I have a fair amount of library books that I have read and need to review and return and feel a bit uninspired to write at length about them, so here goes:
The Short Story Of Film, by Ian Haydn Smith
This book’s title is a bit of a misnomer. From it one would expect that the book is short (it’s not, it’s a usual book length of around 200 pages) and that it is constructed in a narrative form (it is not). Instead, the book contains short discussions of different aspects of film that are designed to present the reader with an understanding both of the technical language of film and film criticism as well as a knowledge of genres and films that are viewed as being important by the author for the reader to know. All of this would be well and good if the author had a good idea of what was significant and didn’t use the book to promote his own agenda so often. Indeed, his tiresome commentary on genres he’s not fond of and his advocacy of genres and movies that he does find significant based on his own background makes this book an example of why contemporary leftist tries to ruin everything with its focus on identity theories of one kind or another. This book, lamentably, falls into that trap.

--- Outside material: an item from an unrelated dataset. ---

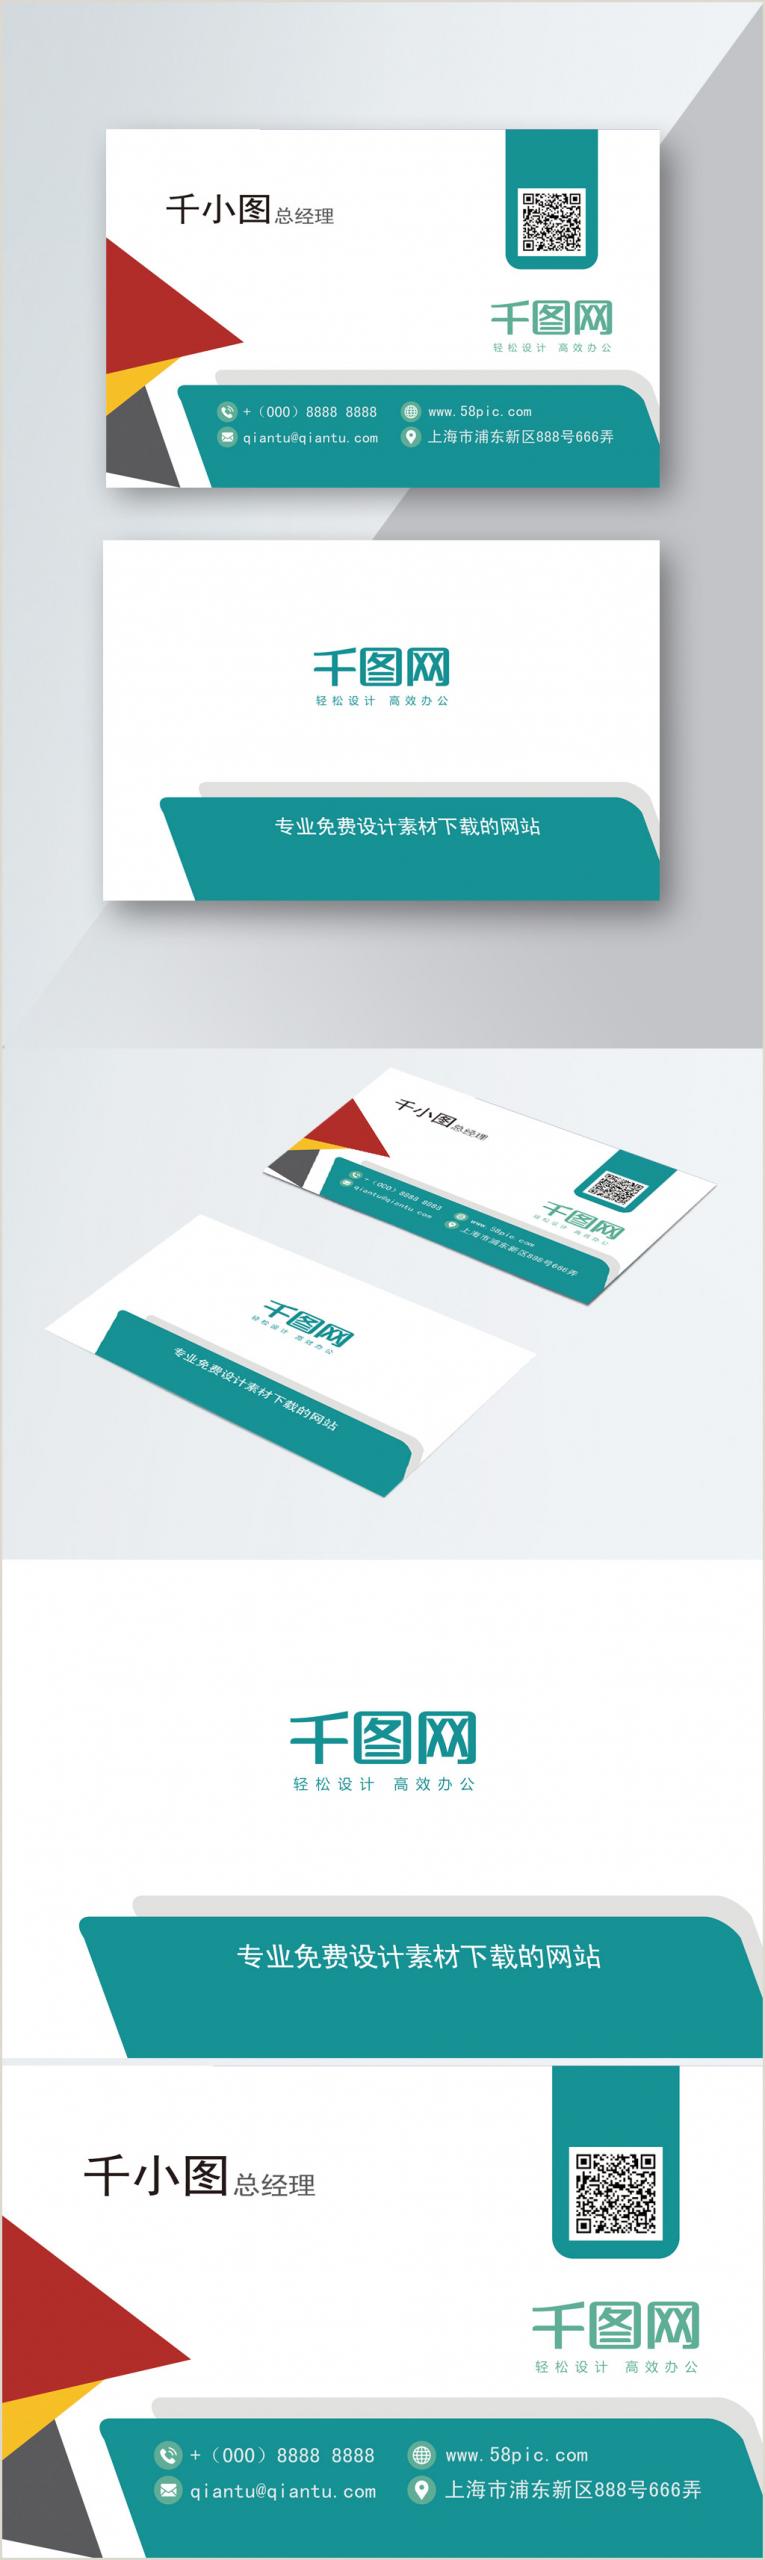 Unique Picture Business Cards Unique Business Card Template Image Picture Free

A History Of Tea: The Life And Times Of The World’s Favorite Beverage, by Laura C. Martin
This book is a short one at just over 200 pages if one includes its interesting appendices and it deals with the legend and history of tea. The author’s book is a solid and enjoyable one if you happen to like tea as I do, and its material begins with a discussion of how tea moves from the shrub to the cup before discussing the history and legend of tea’s origins in Southern China, its spread to the rest of China and Korea, then Japan (including a chapter on the Japanese tea ceremony), then back to tea in the Ming period before exploring the spread of tea throughout the world, the role of the British in spreading tea from China to India and Ceylon, tea in England and the United States, and a look at tea today and tomorrow. This book could certainly be a lot longer, but like a good high tea this particular book will both satisfy and whet the appetite of those who want to know more about the history of tea and its cultivation.

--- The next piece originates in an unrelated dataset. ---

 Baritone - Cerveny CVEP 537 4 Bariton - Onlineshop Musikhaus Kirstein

The Tea Book: All Things Tea, by Louise Cheadle and Nick Kilby
This book is certainly a large book, coming in at 200 full sized pages, but it seems a bit of a stretch for any book to consider itself “the” tea book instead of “a” tea book. The book’s contents are pretty straightforward–the book is divided into five parts after an introduction, including a look at tea drinkers around the world, a brief history of tea, a look at the process by which tea is refined and processed, a look at the drinking of tea and some recipes involving tea. There are plenty of photos and discussions of different national cultures involving tea that I found personally very interesting, and the book’s examination of the difference between tea producers and tea consumers was also quite thoughtful. This is not the be-all and end-all of tea books, to be sure, but it is a very interesting read and is precisely the sort of book that a tea-lover like myself would love to have on their coffee table to look at occasionally for resources on where to drink teas and meeting teas that one wants to try and also to impress and inform guests who are similarly interested in this drink.